You're in Austria for a while?
Sodium is called natrium in the netherlands, but both terms are used interchangeably which leads to confusion sometimes. As for tiny packages, they do that here with dried yeast (7 grams per package), baking powder (16 grams per package) and vanilla sugar.
We can get baking soda from the import store (in this case an asian supermarket) which carries the lifestyle brand from the UK and the arm and hammer brand from the US.
I finally made something I'm happy with thanks to your advice http://www.thefreshloaf.com/node/43814/final-crumpet-recipe
with the crumpet problems. I've finally made something that works for me and I thought I would let you know http://www.thefreshloaf.com/node/43814/final-crumpet-recipe
crumpets are horrible rubbery things with lots of vertical holes and an open holey top - that are only good for one thing - holding butter which makes them marginally more palatable... You can tell I'm not a fan...
english muffins are a bread product with a more breaddy dough but cooked on a dry pan.

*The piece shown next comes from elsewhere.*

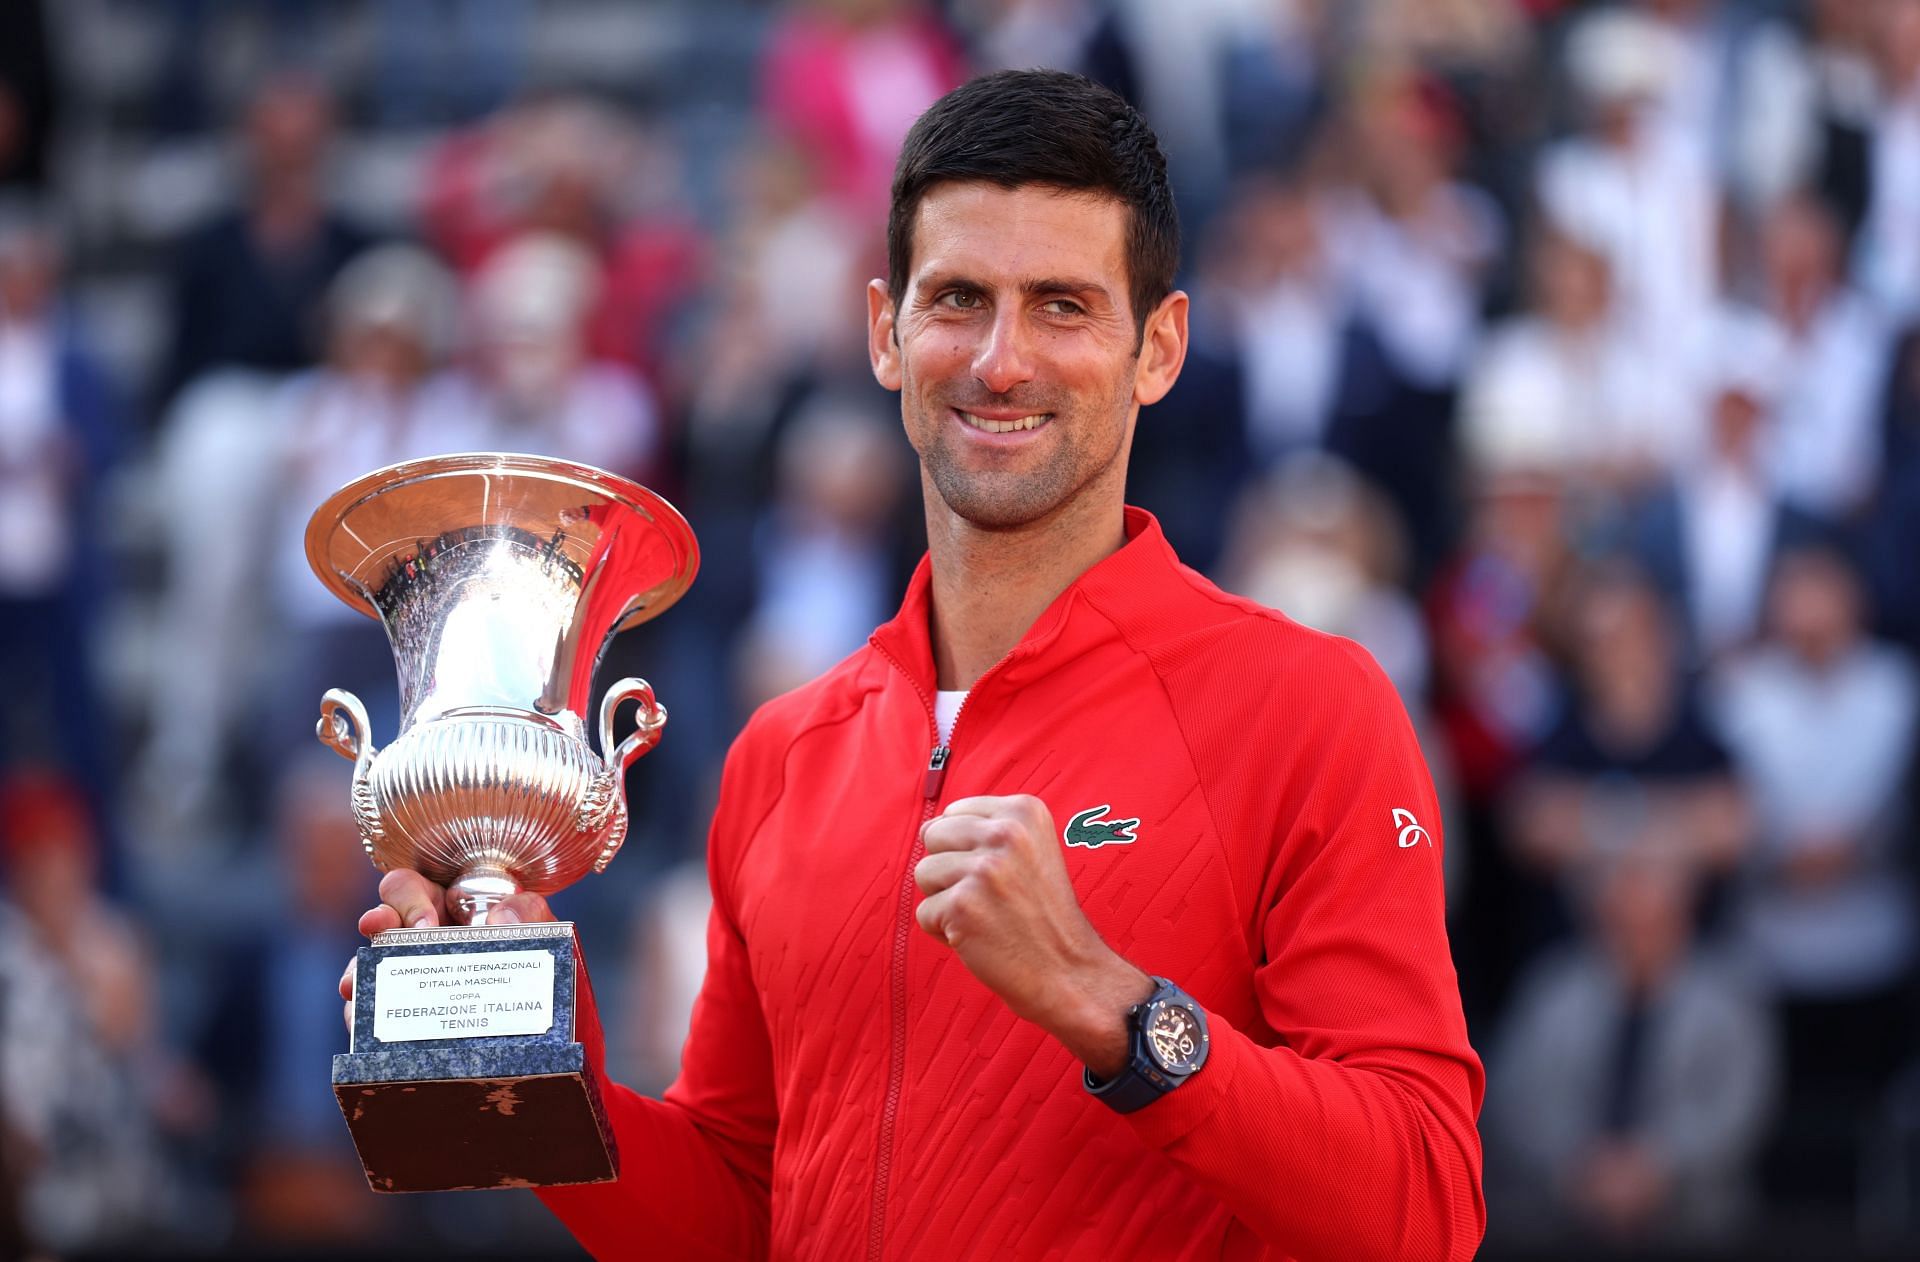 Novak Djokovic won the 2022 Italian Open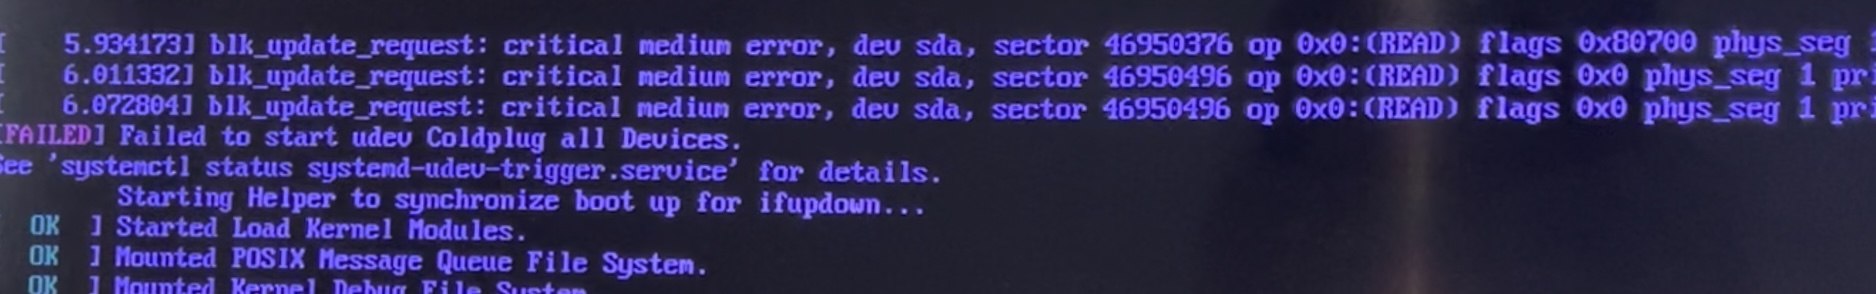 First set of boot errors saying: blk_update_request: critical medium error, dev sda, etc...

(muffins are an american thing - basically cup cakes but bigger)
Back to crumpets: The yeast is there to make the base mix more fluffy when its cooked. the baking power or bicarb is there to give it that quick final rise and helps to make the holes. Bicarb on its own needs a bit of acid to set it off - some milk in the mix but an hours ferment will probably start to produce enough. baking powders are a mix of both. I'd stick to baking powder.
Good luck, but maybe don't worry if you can't get it right - savour the experience for the next time you're in the UK...
-Gordon
I grew up eating cold pancakes every so often, I don't mind it at all.
And that's what cold untoasted crumpets taste like so I didn't really mind, especially not when hungry.
Toasted and smeared with butter I think they are very different, very comforting. Especially the little crispy edges.
I prefer them toasted.
I didn't talk about english muffins though, so I'm wondering why you brought it up.
I've never had english muffins, do you like them? As I understand it they have no holes on top for soaking in butter so you need to split them if you want to get butter into the insides.
Do you think milk is an acidic component to which the bicarb can react?
How would you go about adding the baking powder (how and when and with water or not)?
I will probably keep trying until I've exhausted my options, if I don't get it to suit my taste by then I'll accept defeat.
I hope to go to the UK about 3 years from now (need to save money, I have to move house as well) which is a long wait for something other people can make at home.
Thank you for the input,
do you still live in the UK?
I Minioven mentioned something about crumpets & muffins, so ...
I just don't see the attraction of muffins - maybe it's rubbish shop-bought ones that have put me off. I did make some once and they came out like the shop ones - dull and rubbery, so never bothered again. I used baking powder IIRC. I use bicarb in soda bread with milk at a push (when I don't have buttermilk or yoghurt handy) and my scones use bicarb and milk and get a good enough rise. I'd need to go & lookup the recipe - I suspect it was one out of an old Good Housekeeping book I have (c1970)
I like english muffins. Very filling - especially when topped with egg, ham and hollandaise sauce.
And yes, I live in the UK - Devon.
-Gordon
You don't put sweet toppings on english muffins?
But egg, ham and hollandaise sauce does sound very good indeed.
Bicarb isn't a very well known or popular leavener in the netherlands, we just use yeast or baking powder usually.
Bicarb is only available at import shops, so is cream of tartar.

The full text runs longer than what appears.